Qué clarividencia. En una sola línea, el gran ideólogo de la división de poderes en un estado democrático y moderno, nos ha desnudado a este contorsionista hispano que nos está descubriendo todos los días las Américas en Falcon bolivariano. A la sombra de unas leyes como la amnistía, quiere vendernos que la justicia verdadera descansa en los golpistas, en los asesinos etarras, en los terroristas, en los ladrones, y en los malversadores. Cuando el Congreso, por unos votos de diferencia que no llegan ni a las 30 monedas de Judas, apruebe este principio de dictadura orgánica, sabremos, además, lo que ya señalaba el propio Montesquieu como una consecuencia progresista: que un tirano, amparándose en una asamblea o un Congreso de los Diputados claudicante, y con todo el «fervor revolucionario», pude «hacer leyes tiránicas para que el tirano las ejecute tiránicamente». Dramático.
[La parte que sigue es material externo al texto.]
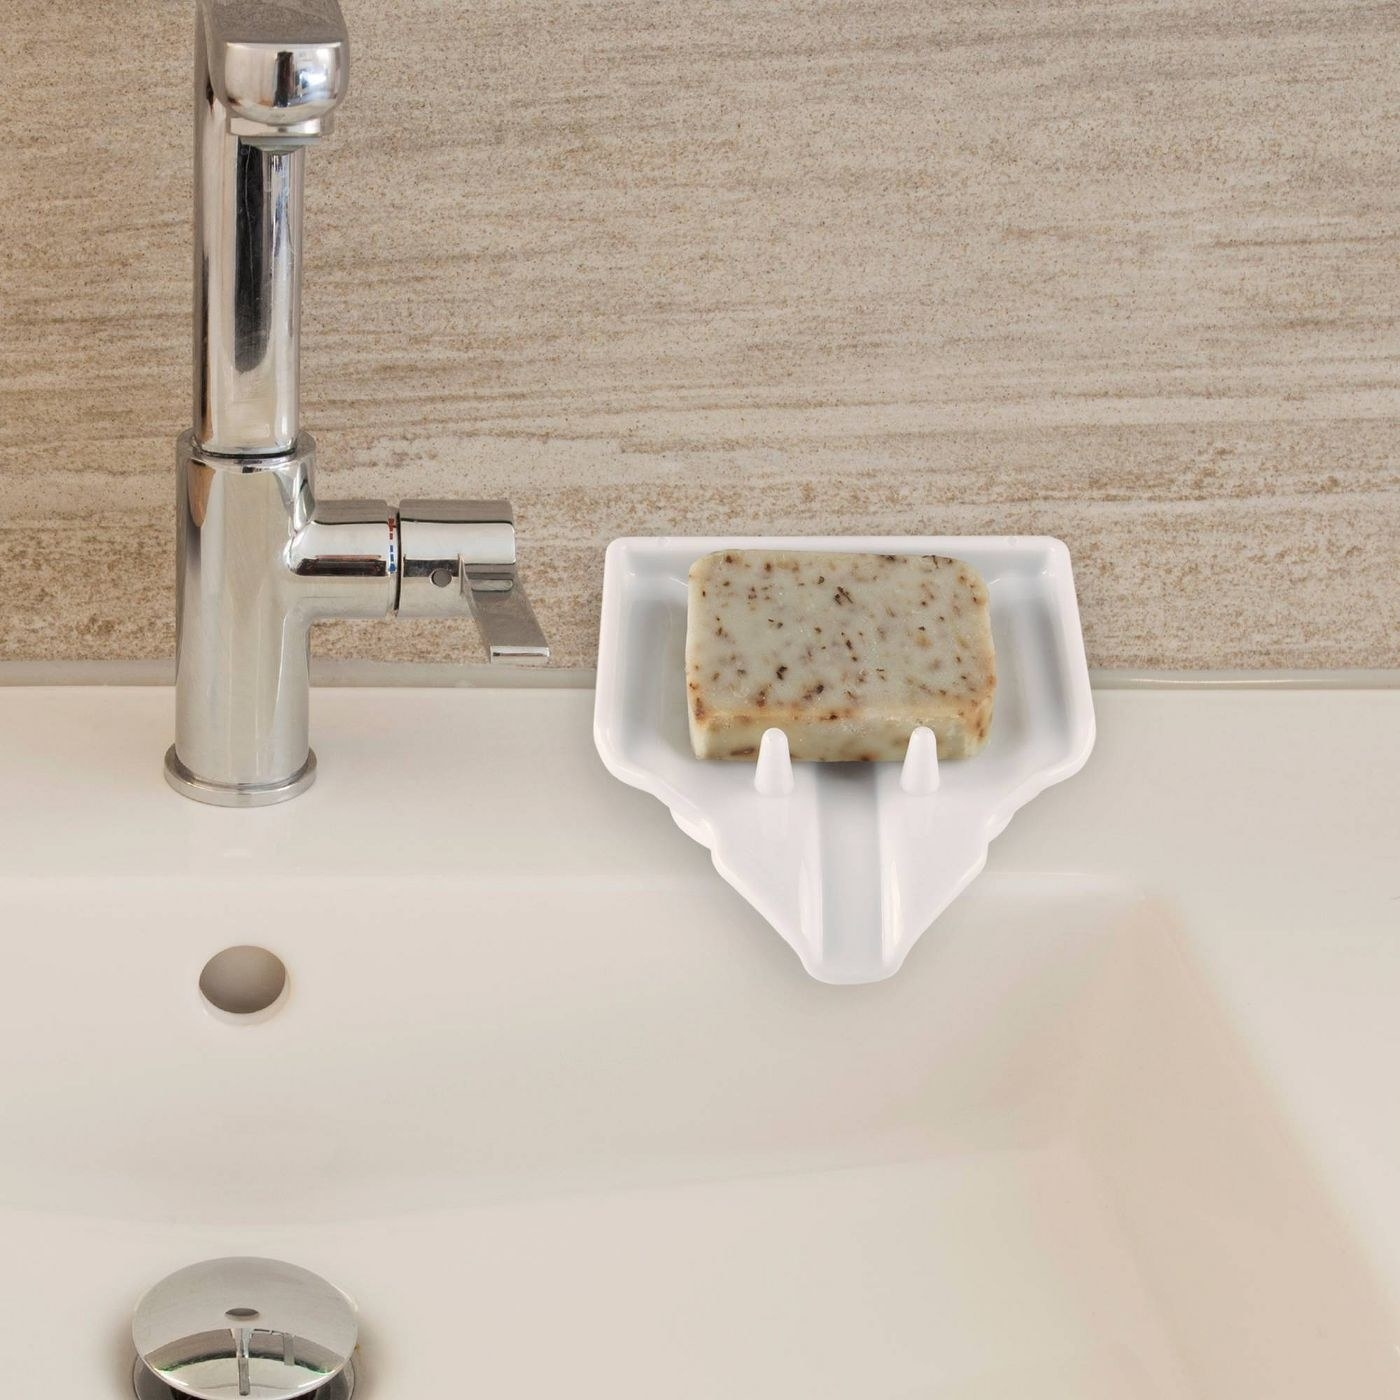 a waterfall soap dish

Yo ya no tengo remedio. La jubilación me ha radicalizado: no soporto una libertad con debilidades y zarandajas. Ustedes, que son más jóvenes, a lo mejor tienen sus dudas y cambalaches. Pero permítanme, «con todo fervor revolucionario», esta licencia que dan los años: los totalitarios como Sánchez llegan cuando los demócratas reculan.